В хату вошел молодой Камышка, обтоптал о порог налипшую на сапоги грязь.
– Ну? – подался вперед Йозька.
– Баранки гну. Начальство пьет, в замке не продохнуть. Говорят, панночку подпоили и венчать взялись.
– Да с кем же венчать?
– Вот и я думаю – с кем? Кабы не с полковником нашим. Они там в штабе все такие шутники, от шуток их потом три недели затылок трещит.
Лось пожал плечами и закусил плотнее мундштук. Ему, обласканному самим Кронпринцем, шутки начальства странными не казались. Шутят – значит, и хорошо, значит, и должно.
В замке и вправду было не продохнуть. Горничная распахнула в опочивальне все окна, но чад стоял и здесь, а снаружи тянуло промозглой сыростью, и на подоконник натекло. Панночка прилегла на кровать, прикрыла глаза фарфорово-тонкой рукой. Не осемнадцать годков уже, далеко не осьмнадцать. Натанцевалась за вечер, упилась белых дунайских и черно-красных рейнских вин. Пропадай знаменитый отцовский погреб, все пропадай, ничего не жалко. Приподнялась, жарко открыв глаза: кажется, стучат? Нет, послышалось. Это ветер колотится в ставни, это все он, проклятый, отсюда и до Ильменской Пустоши нет ничего, кроме дождя и ветра.
– Мой милый, – прошептала пани в забытьи и уронила голову на руку. – Ненаглядный мой.
Сон сморил ясновельможную пани, и вот что ей приснилось:
Обеденная зала отцовского замка, где веприные головы щерились со стен, помня зло, а оленьи пялились безмятежно, зла не помня – так вот, зала это стала не зала вовсе, а церковный алтарь. В душном облаке ладана вел под руку невесту статный полковник, и подусники его благоухали канифолью, а в глазах тлели угольки. Сквозь свадебную фату мир виделся смутно, и все же заметно было, что ксендз, стоящий у самого алтаря, на правую ногу хром и странно скособочен.
– Ура! – прокричали веприные головы, и олени тускло отозвались, – ура.
– Подойди ко мне, дочь моя, – ласково сказал ксендз, и оказался не ксендзом, а родным ее батюшкой, ясновельможным паном Анджеем Рясницким. – Подойди, и я вас обвенчаю.

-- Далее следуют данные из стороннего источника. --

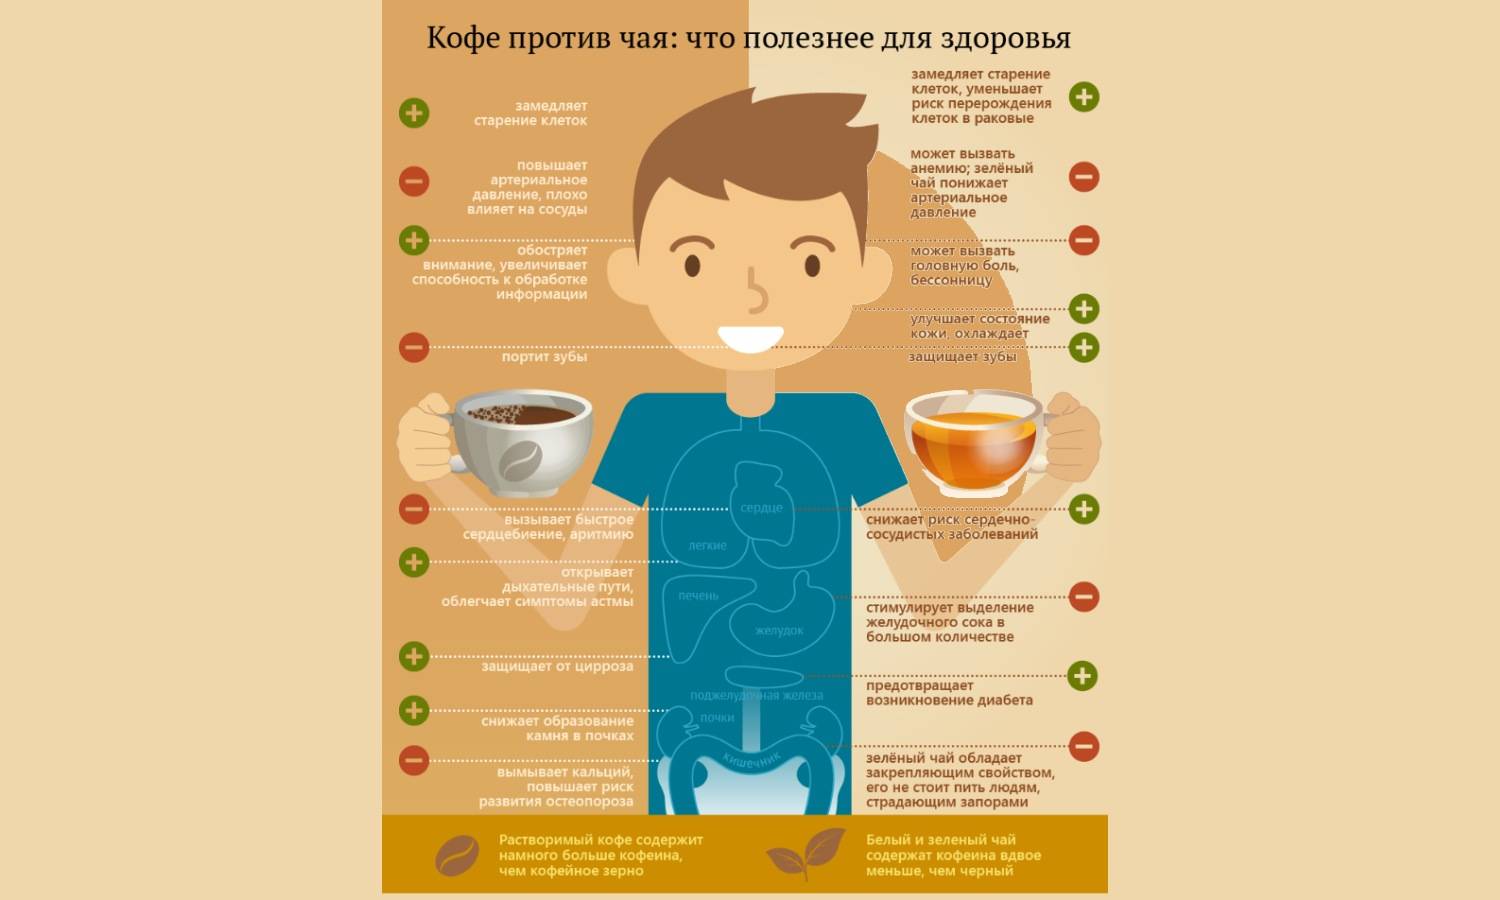 Питание при панкреатите поджелудочной железы - меню и советы от диетолога
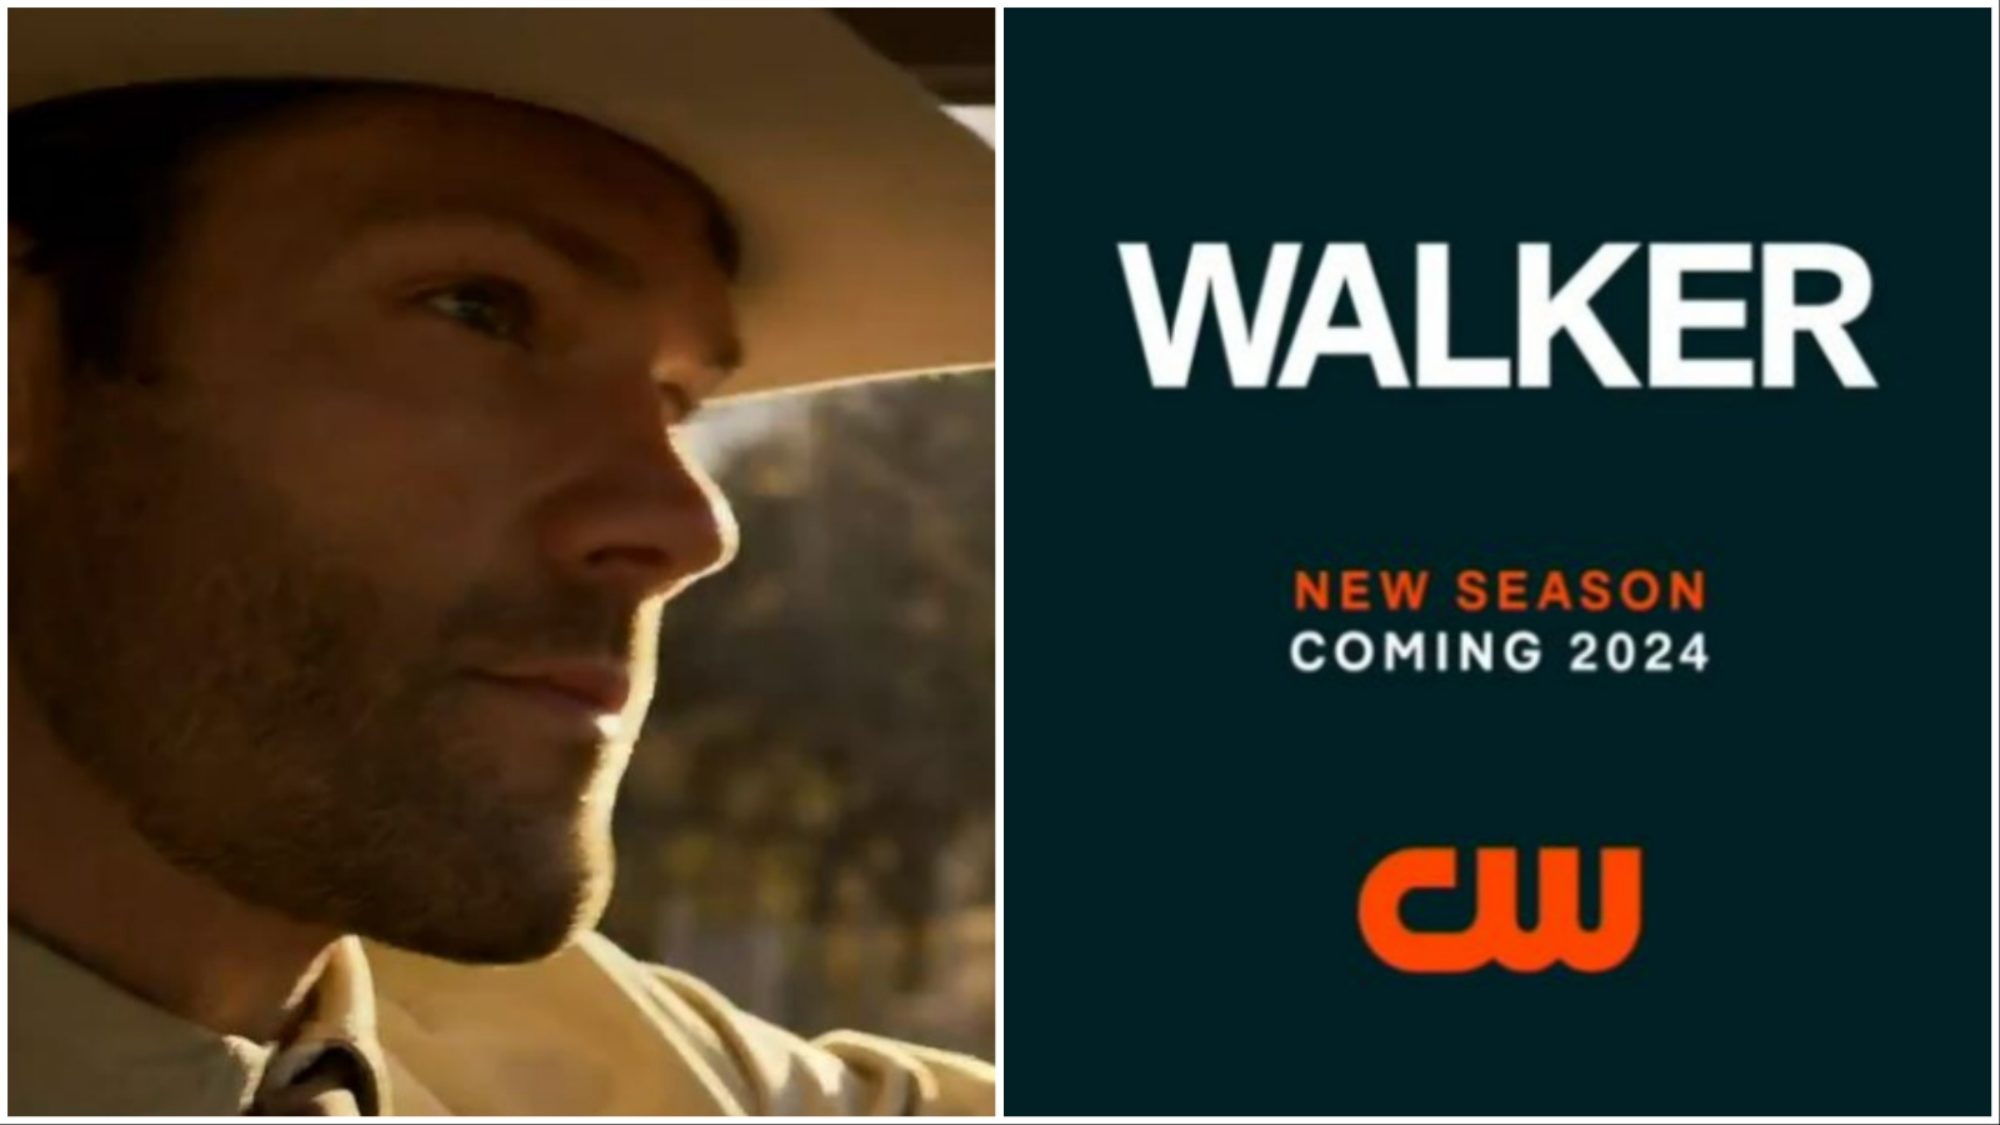 Walker Season 4 Jared Padalecki Series Gets CW 2024 MiniTeaser

Полковник подвел невесту к алтарю, и пара опустилась на колени.
– Властью, данной мне перед людьми и богом, отдаю я женщину эту… – начал батюшка и тут же досадливо прервался.
У правой, хромой его ноги суетился тощий человечек по имени Йозек Затуньский. Хлопотал он с портновской меркой, приговаривая:
– А как же, ваша светлость, как же, ваше благородие, сапожок? Сапожок-то не на ту ногу шит, перешить бы надобно.
– Отыди, – громогласно гаркнул батюшка, и пропал рыжебородый человечек с меркой.
– Властью, данной мне, – загудел вновь батюшка-ксендз.
Витражное окно часовни разлетелось со звоном, и, с осколками и дождем, влетел в часовню человек в кожаной тужурке. В руке человека был наган, а ко лбу прилип светлый чуб.
Конец ознакомительного фрагмента.
Текст предоставлен ООО "Литрес".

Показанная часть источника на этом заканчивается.